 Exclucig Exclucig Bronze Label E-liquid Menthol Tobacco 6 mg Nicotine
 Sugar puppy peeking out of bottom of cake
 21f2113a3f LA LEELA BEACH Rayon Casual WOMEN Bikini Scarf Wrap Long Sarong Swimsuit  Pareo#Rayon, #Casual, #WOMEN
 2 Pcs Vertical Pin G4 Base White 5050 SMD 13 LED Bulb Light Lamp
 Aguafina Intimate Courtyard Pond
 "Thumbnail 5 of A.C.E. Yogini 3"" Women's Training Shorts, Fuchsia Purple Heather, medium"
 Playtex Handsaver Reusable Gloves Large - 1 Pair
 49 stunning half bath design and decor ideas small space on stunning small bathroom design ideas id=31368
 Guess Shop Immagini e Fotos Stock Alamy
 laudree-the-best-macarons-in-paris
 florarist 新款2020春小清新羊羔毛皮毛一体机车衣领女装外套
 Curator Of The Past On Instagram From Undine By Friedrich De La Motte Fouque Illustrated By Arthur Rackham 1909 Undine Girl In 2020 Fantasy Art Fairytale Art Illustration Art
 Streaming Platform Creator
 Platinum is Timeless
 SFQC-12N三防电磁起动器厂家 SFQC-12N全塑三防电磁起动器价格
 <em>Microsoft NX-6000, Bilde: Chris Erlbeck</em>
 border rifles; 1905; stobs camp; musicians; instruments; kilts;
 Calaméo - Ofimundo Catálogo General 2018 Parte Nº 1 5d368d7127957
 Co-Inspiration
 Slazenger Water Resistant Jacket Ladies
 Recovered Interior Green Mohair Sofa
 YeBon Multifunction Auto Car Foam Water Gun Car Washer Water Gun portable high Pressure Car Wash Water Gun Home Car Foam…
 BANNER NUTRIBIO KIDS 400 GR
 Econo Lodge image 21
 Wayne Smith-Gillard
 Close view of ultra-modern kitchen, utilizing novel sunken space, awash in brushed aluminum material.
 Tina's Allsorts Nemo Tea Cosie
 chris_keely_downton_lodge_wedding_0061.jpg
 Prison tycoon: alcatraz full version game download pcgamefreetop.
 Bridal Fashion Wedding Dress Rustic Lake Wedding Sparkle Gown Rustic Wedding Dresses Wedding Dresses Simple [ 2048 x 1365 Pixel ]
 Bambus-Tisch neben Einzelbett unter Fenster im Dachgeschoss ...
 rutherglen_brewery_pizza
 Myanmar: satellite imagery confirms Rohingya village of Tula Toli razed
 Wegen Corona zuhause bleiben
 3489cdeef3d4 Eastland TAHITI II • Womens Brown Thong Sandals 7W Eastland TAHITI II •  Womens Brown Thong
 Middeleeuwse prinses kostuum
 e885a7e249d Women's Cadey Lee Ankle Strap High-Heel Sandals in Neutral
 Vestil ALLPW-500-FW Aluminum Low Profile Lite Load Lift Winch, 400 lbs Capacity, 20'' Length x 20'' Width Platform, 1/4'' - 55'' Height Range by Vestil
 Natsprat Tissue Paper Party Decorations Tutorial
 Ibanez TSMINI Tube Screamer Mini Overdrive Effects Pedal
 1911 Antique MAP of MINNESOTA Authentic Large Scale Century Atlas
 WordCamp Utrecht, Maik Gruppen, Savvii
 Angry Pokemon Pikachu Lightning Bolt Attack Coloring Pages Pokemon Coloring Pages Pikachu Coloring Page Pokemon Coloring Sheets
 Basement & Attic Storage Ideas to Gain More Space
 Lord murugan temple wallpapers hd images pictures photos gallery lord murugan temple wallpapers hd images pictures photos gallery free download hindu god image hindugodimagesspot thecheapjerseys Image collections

### PROBLEM TO WORK ON
Scan the records for lines that hold "Sandals", and reproduce each one you find.

### THE COMPLETED TASK
 3489cdeef3d4 Eastland TAHITI II • Womens Brown Thong Sandals 7W Eastland TAHITI II •  Womens Brown Thong
 e885a7e249d Women's Cadey Lee Ankle Strap High-Heel Sandals in Neutral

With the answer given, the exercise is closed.